🤖 AI Summary
To address the high communication overhead, neglect of device model heterogeneity, and unrealistic reliance on public datasets in federated multitask learning (FMTL) for mobile edge computing, this paper proposes the first public-data-free bidirectional federated multitask knowledge distillation framework. Our method introduces a local–global bidirectional distillation mechanism, integrating Federated Prior Knowledge Distillation (FPKD) and Local Knowledge Alignment (LKA) modules.
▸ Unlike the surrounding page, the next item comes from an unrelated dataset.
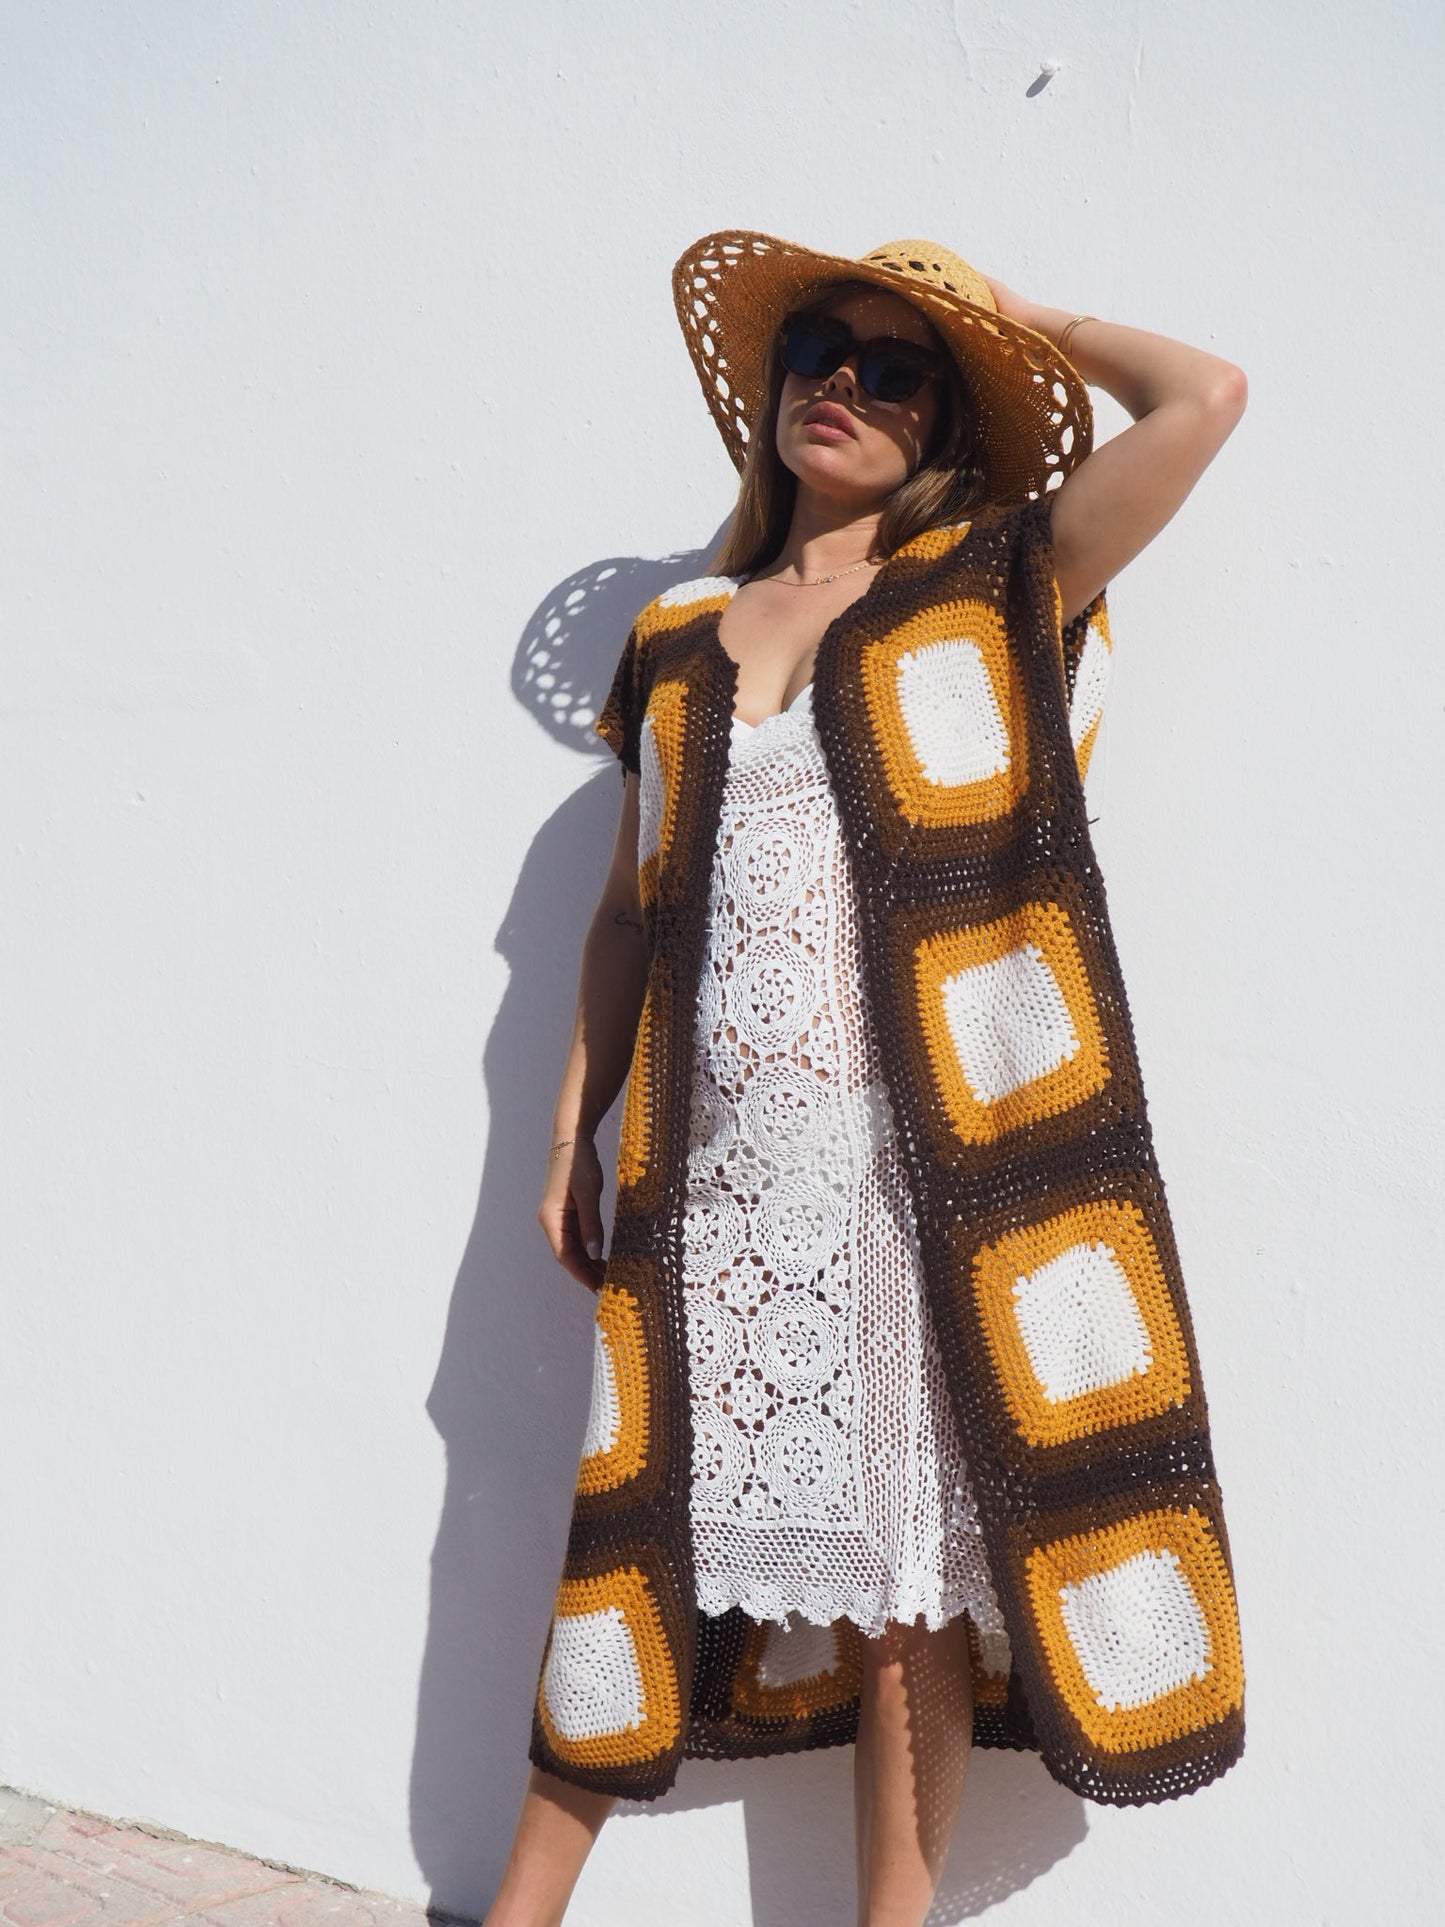 Vintage crochet cotton beach dress handmade cotton crochet up-cycled by Vagabond Ibiza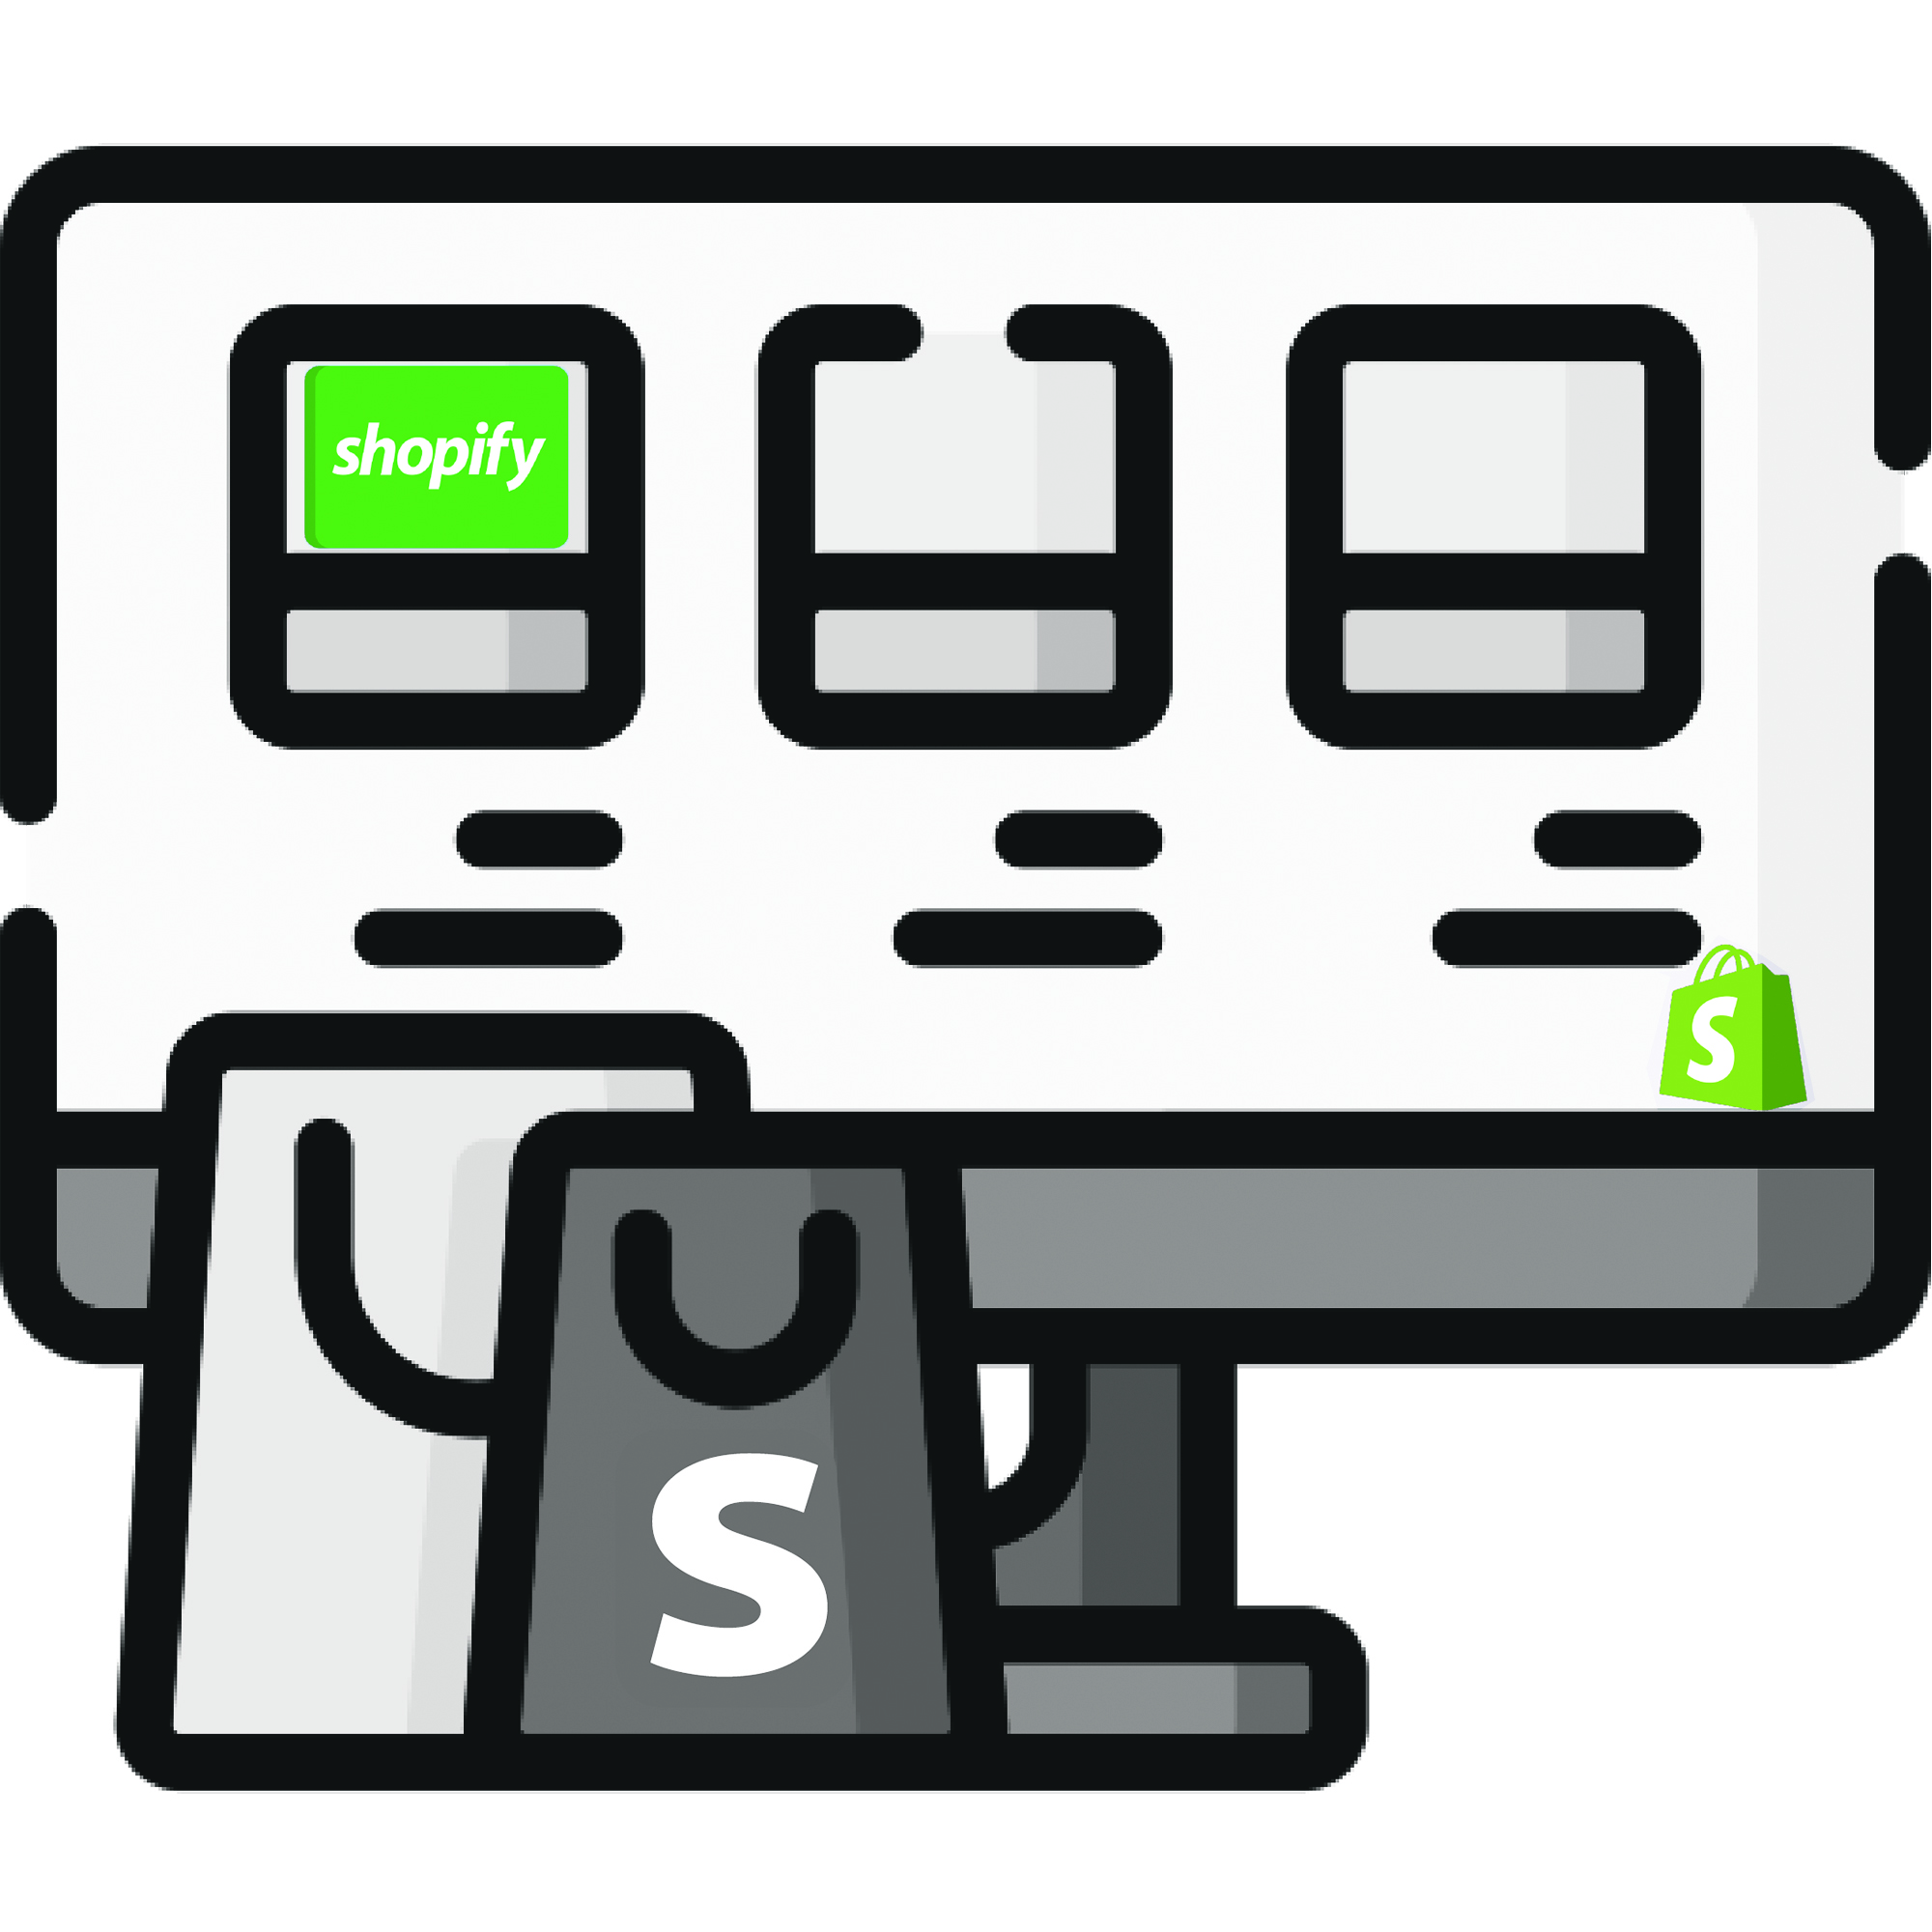 shopify website design services shopify web designers shopify developer ecommerce website

This design preserves client-specific modeling capabilities while enhancing global generalization consistency and mitigating client drift. Extensive experiments across three heterogeneous benchmark datasets demonstrate that, compared to baselines including FedAvg and FedGKT, our framework reduces communication cost to ≤1.2% of theirs, cuts training rounds by 75%, and achieves significant accuracy improvements across all tasks.
📝 Abstract
The growing interest in intelligent services and privacy protection for mobile devices has given rise to the widespread application of federated learning in Multi-access Edge Computing (MEC). Diverse user behaviors call for personalized services with heterogeneous Machine Learning (ML) models on different devices. Federated Multi-task Learning (FMTL) is proposed to train related but personalized ML models for different devices, whereas previous works suffer from excessive communication overhead during training and neglect the model heterogeneity among devices in MEC. Introducing knowledge distillation into FMTL can simultaneously enable efficient communication and model heterogeneity among clients, whereas existing methods rely on a public dataset, which is impractical in reality. To tackle this dilemma, Federated MultI-task Distillation for Multi-access Edge CompuTing (FedICT) is proposed. FedICT direct local-global knowledge aloof during bi-directional distillation processes between clients and the server, aiming to enable multi-task clients while alleviating client drift derived from divergent optimization directions of client-side local models. Specifically, FedICT includes Federated Prior Knowledge Distillation (FPKD) and Local Knowledge Adjustment (LKA). FPKD is proposed to reinforce the clients’ fitting of local data by introducing prior knowledge of local data distributions. Moreover, LKA is proposed to correct the distillation loss of the server, making the transferred local knowledge better match the generalized representation. Extensive experiments on three datasets demonstrate that FedICT significantly outperforms all compared benchmarks in various data heterogeneous and model architecture settings, achieving improved accuracy with less than 1.2% training communication overhead compared with FedAvg and no more than 75% training communication round compared with FedGKT in all considered scenarios.